Generally there's no need to optimize Windows 7 Virtual Machines. Unlike previous Windows releases it's pretty smooth right out of the box as long as it's got at least 1Gb RAM allocated. I'm using Windows 7 x64 under VMWare Fusion on OSX and it's blisteringly fast.

We run a lot of Windows VMs for software testing on a dedicated ESXi machine (about three each of 2000/XP/Vista/2003/2008/2008R2/Vistax64), so I can provide a few tips that apply Windows VMs in General.
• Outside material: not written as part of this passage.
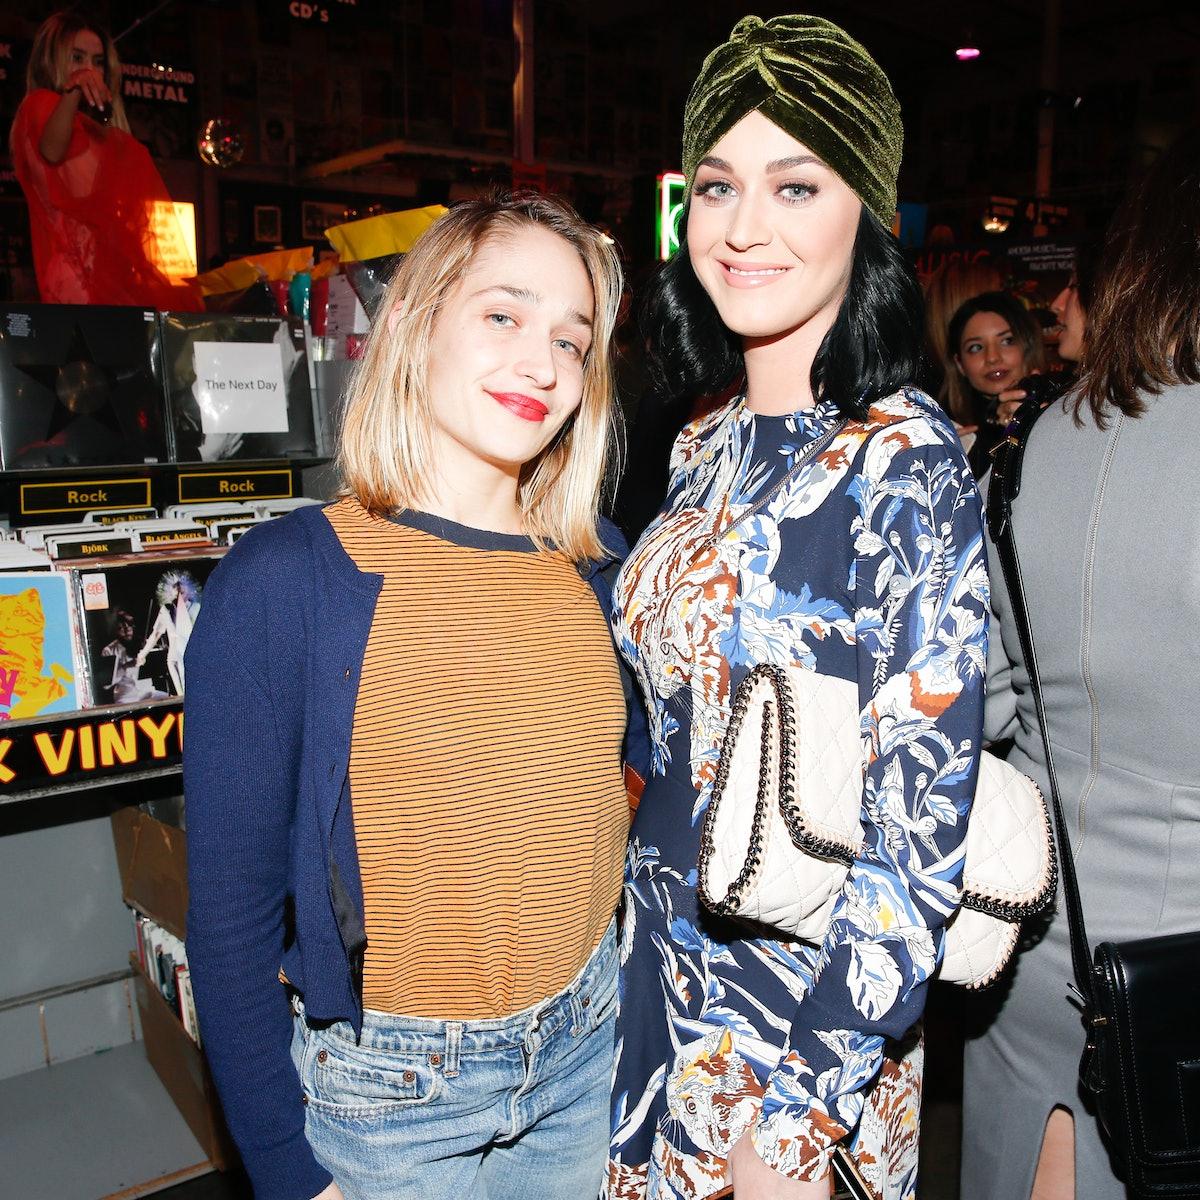 Jemima Kirke and Katy Perry

  • Turn off all desktop effects, use "Windows Classic" mode
  • Disable the SuperFetch service (heavy on disk I/O and memory)
  • Allocate as much RAM as you can to the VM
  • Turn off Windows Defender
  • Install a lightweight AntiVirus (at least on 2000/XP/2003)
  • Use "High performance" power saving mode (i.e. none)
  • Disable Screensaver
  • If possible, put the virtual disk image on a separate physical drive. But make sure it's not on a software RAID array.
  • Go get some more RAM and allocate that to the VM as well.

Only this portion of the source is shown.